▶ _AIM OF THE EXERCISE_
The reply should repeat all of the data word for word, with no pictures.

▶ _DATA_
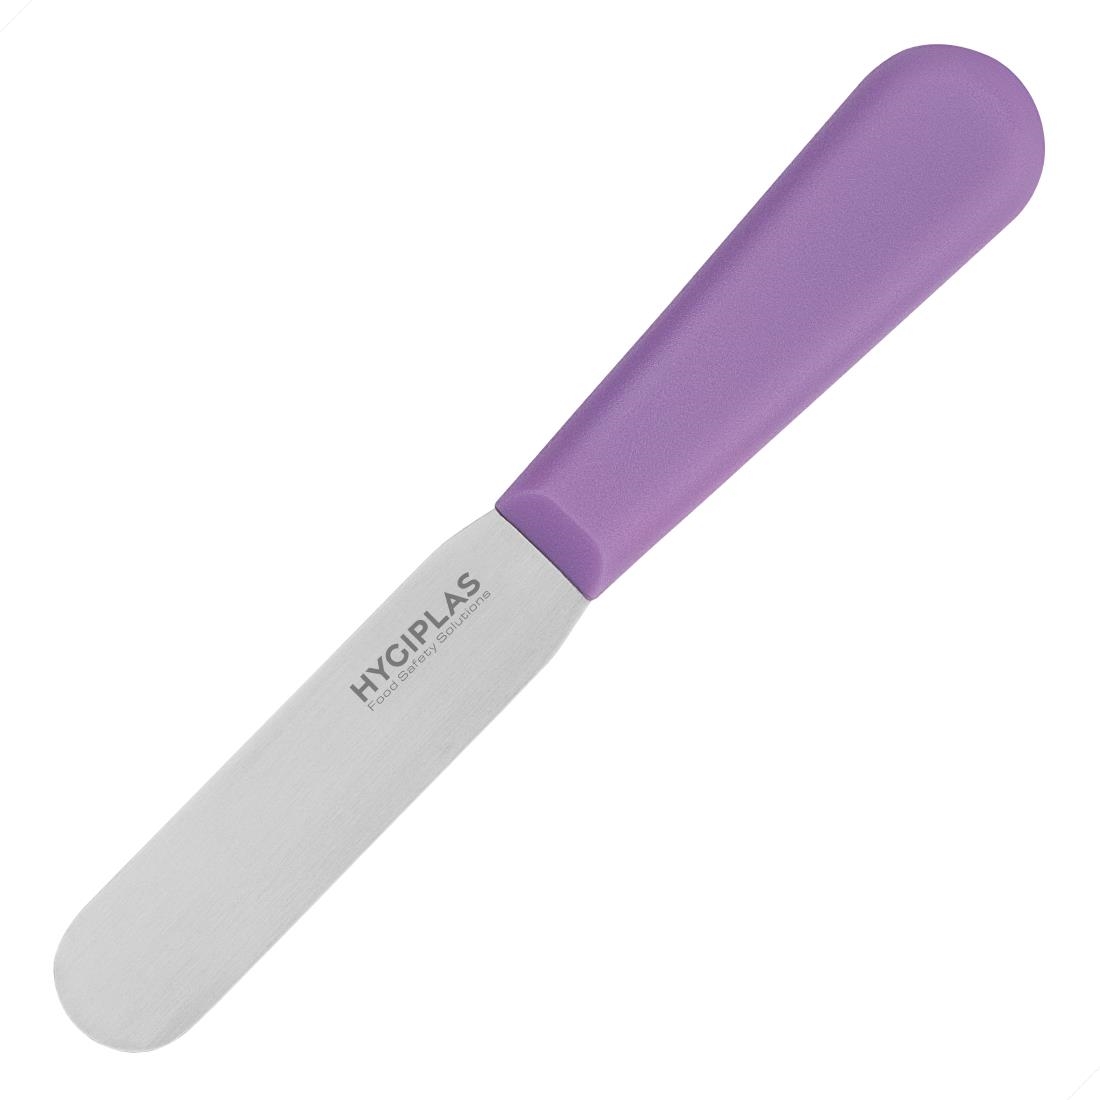 Hygiplas Palette Knife Purple 10.1cm
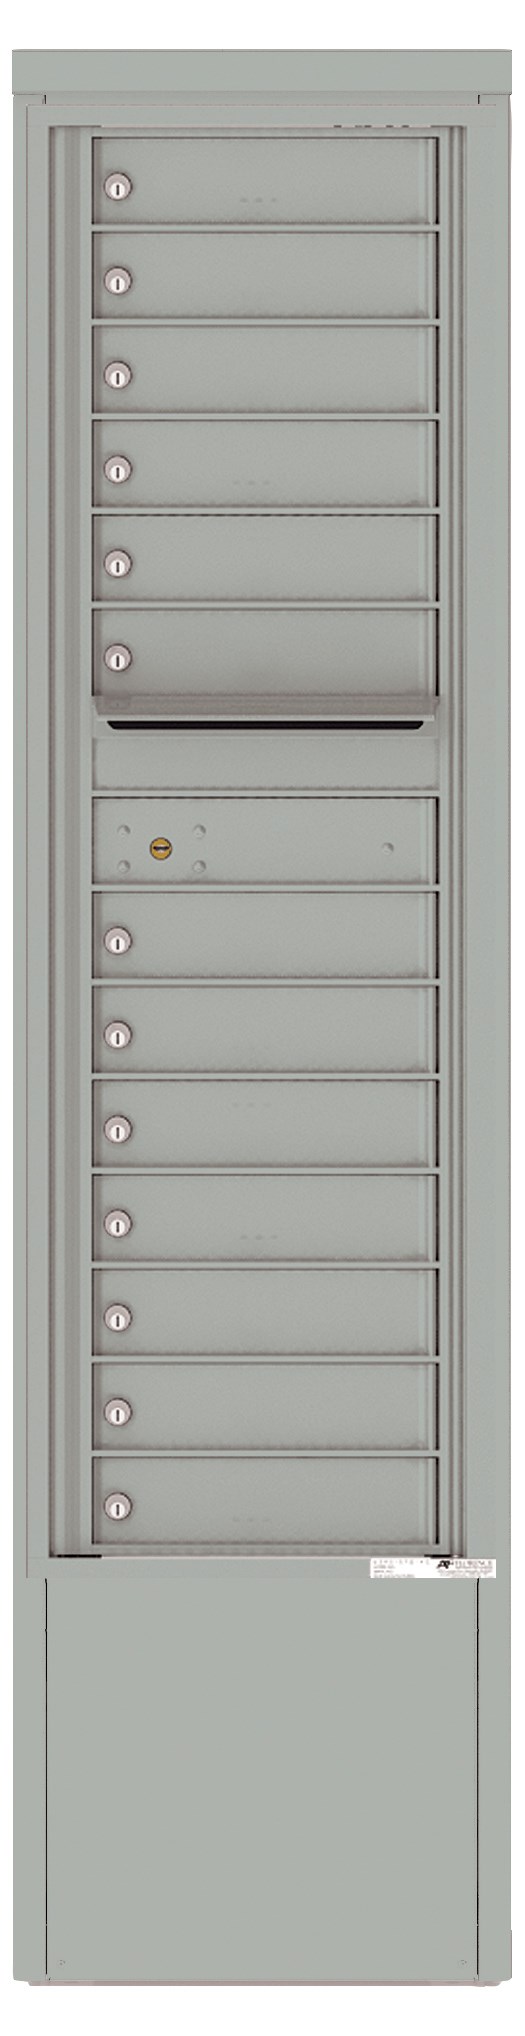 4C15S-13-D 4C Horizontal Depot Mailbox Silver Speck
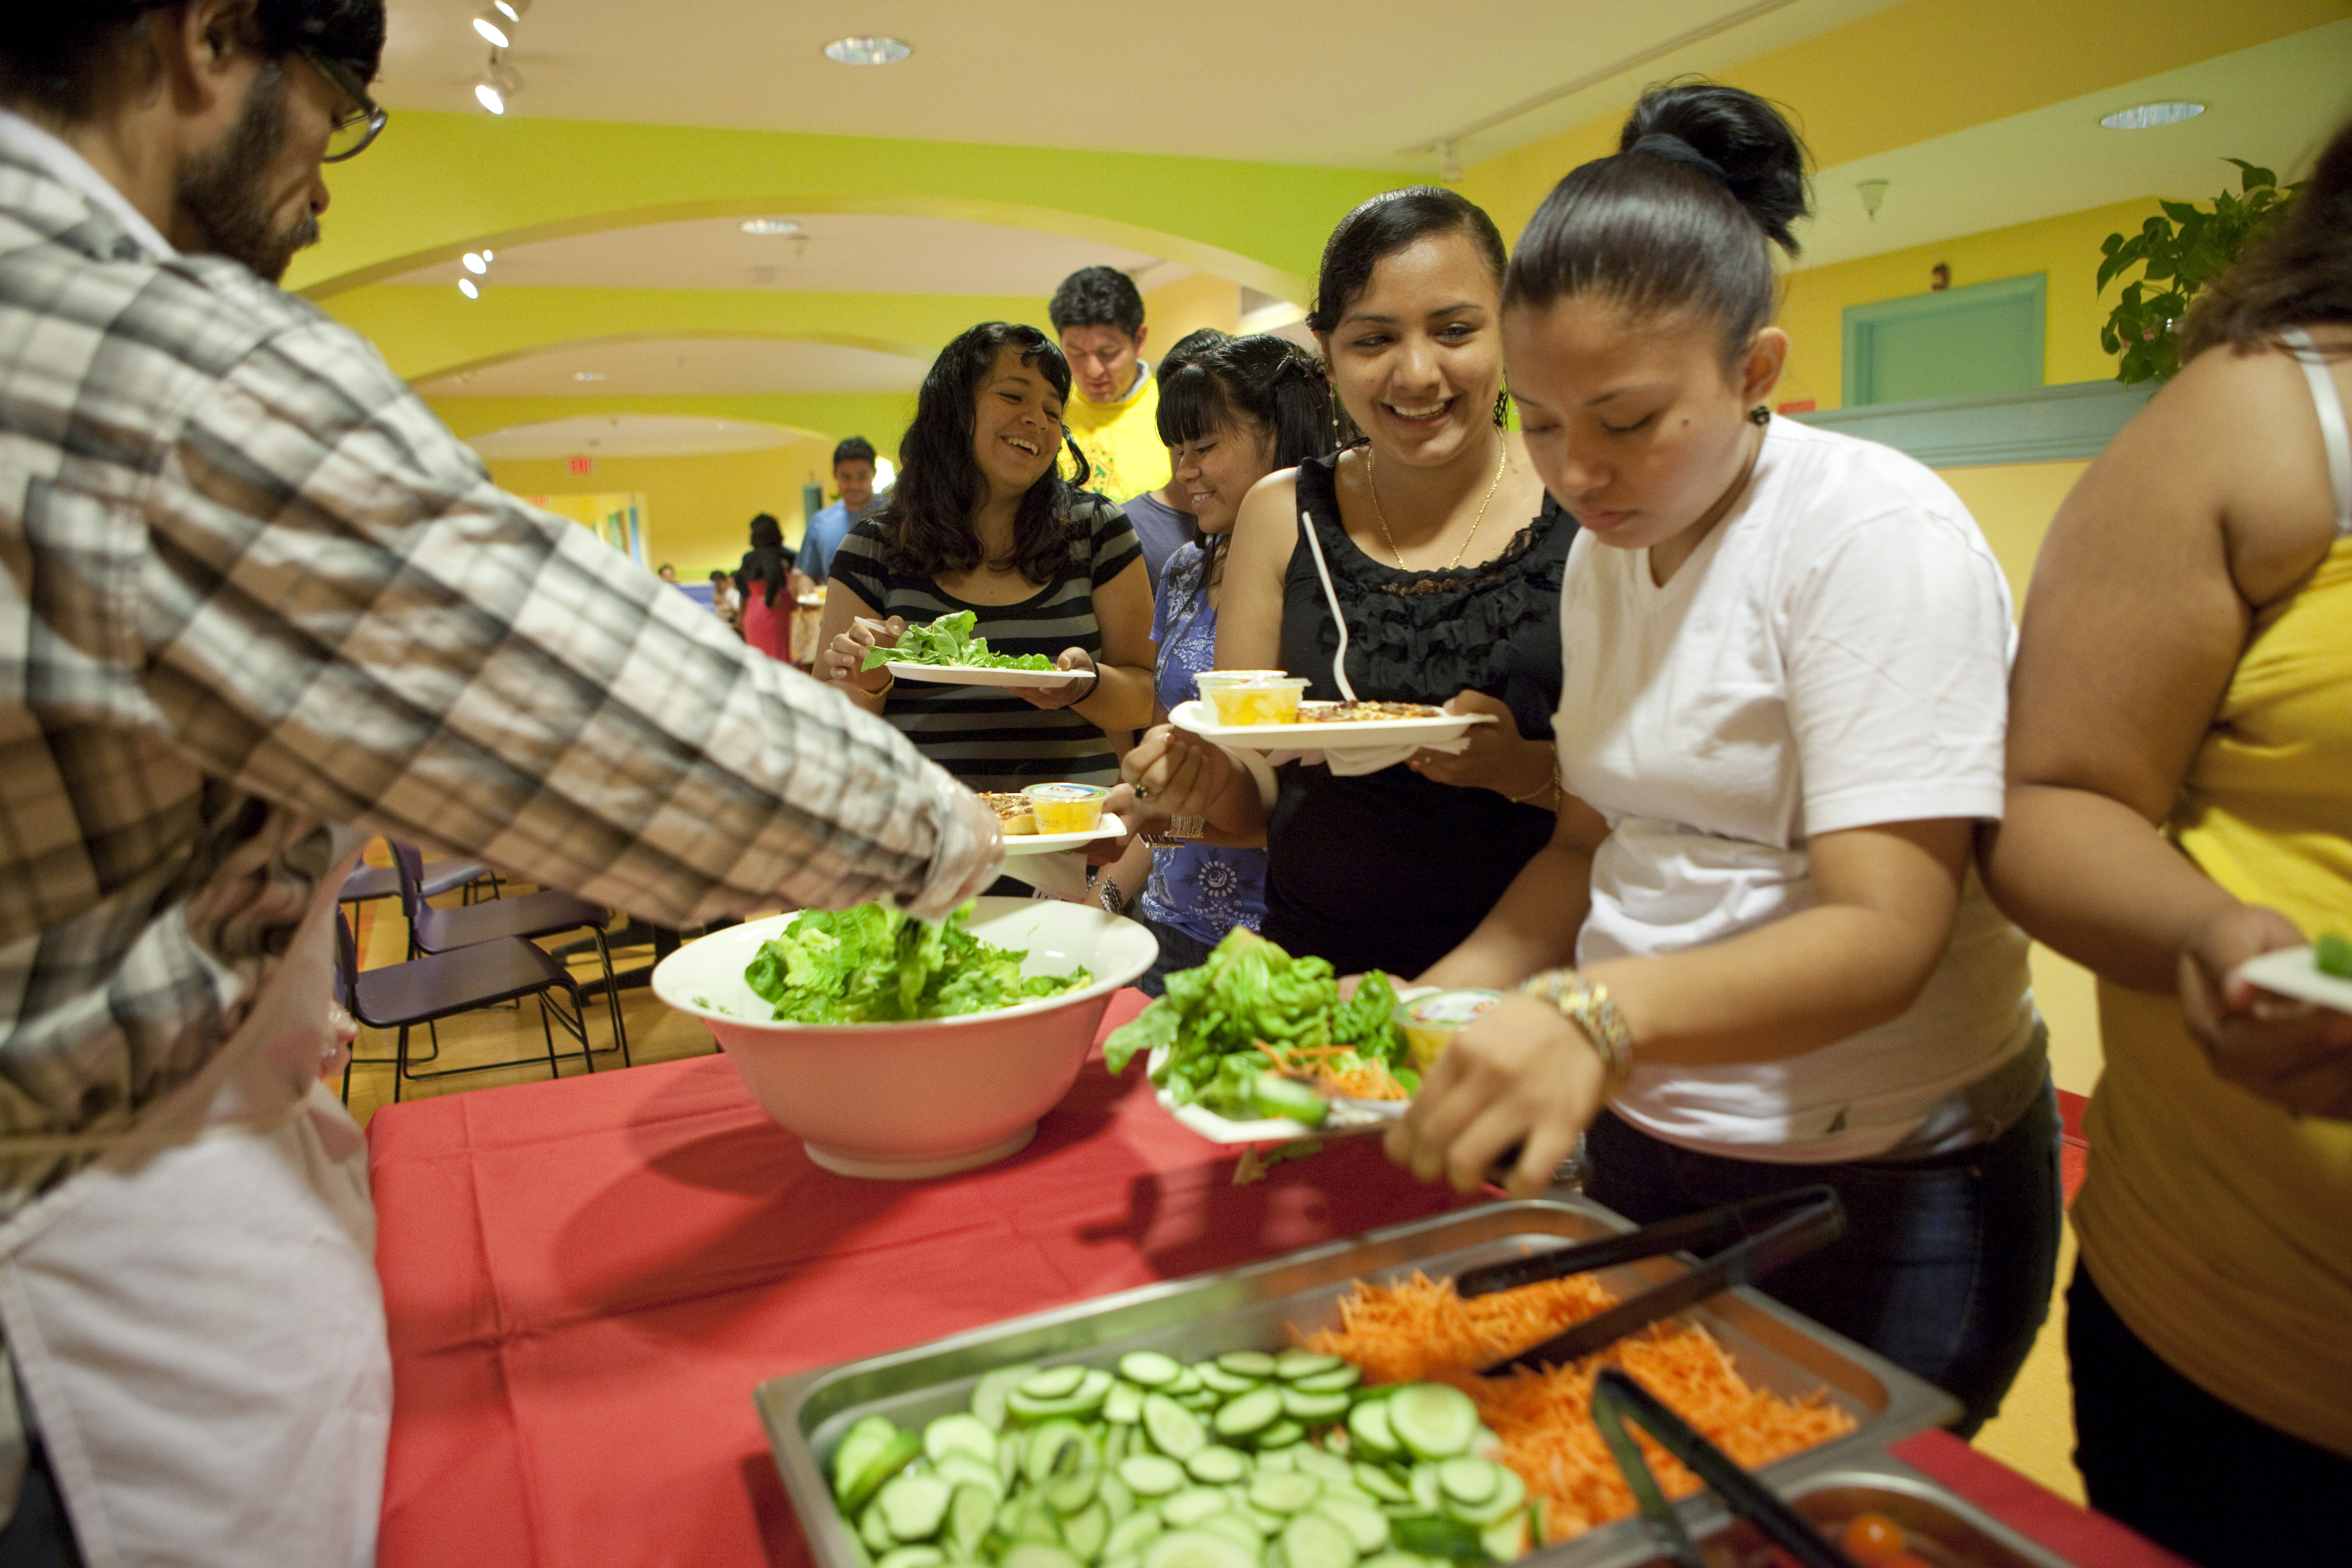 DC Central Kitchen serves lunch at Next Step Public Charter School. Photo credit: Ezra Gregg

▶ _SOLUTION FOR THIS EXERCISE_
 Hygiplas Palette Knife Purple 10.1cm
 4C15S-13-D 4C Horizontal Depot Mailbox Silver Speck
 DC Central Kitchen serves lunch at Next Step Public Charter School. Photo credit: Ezra Gregg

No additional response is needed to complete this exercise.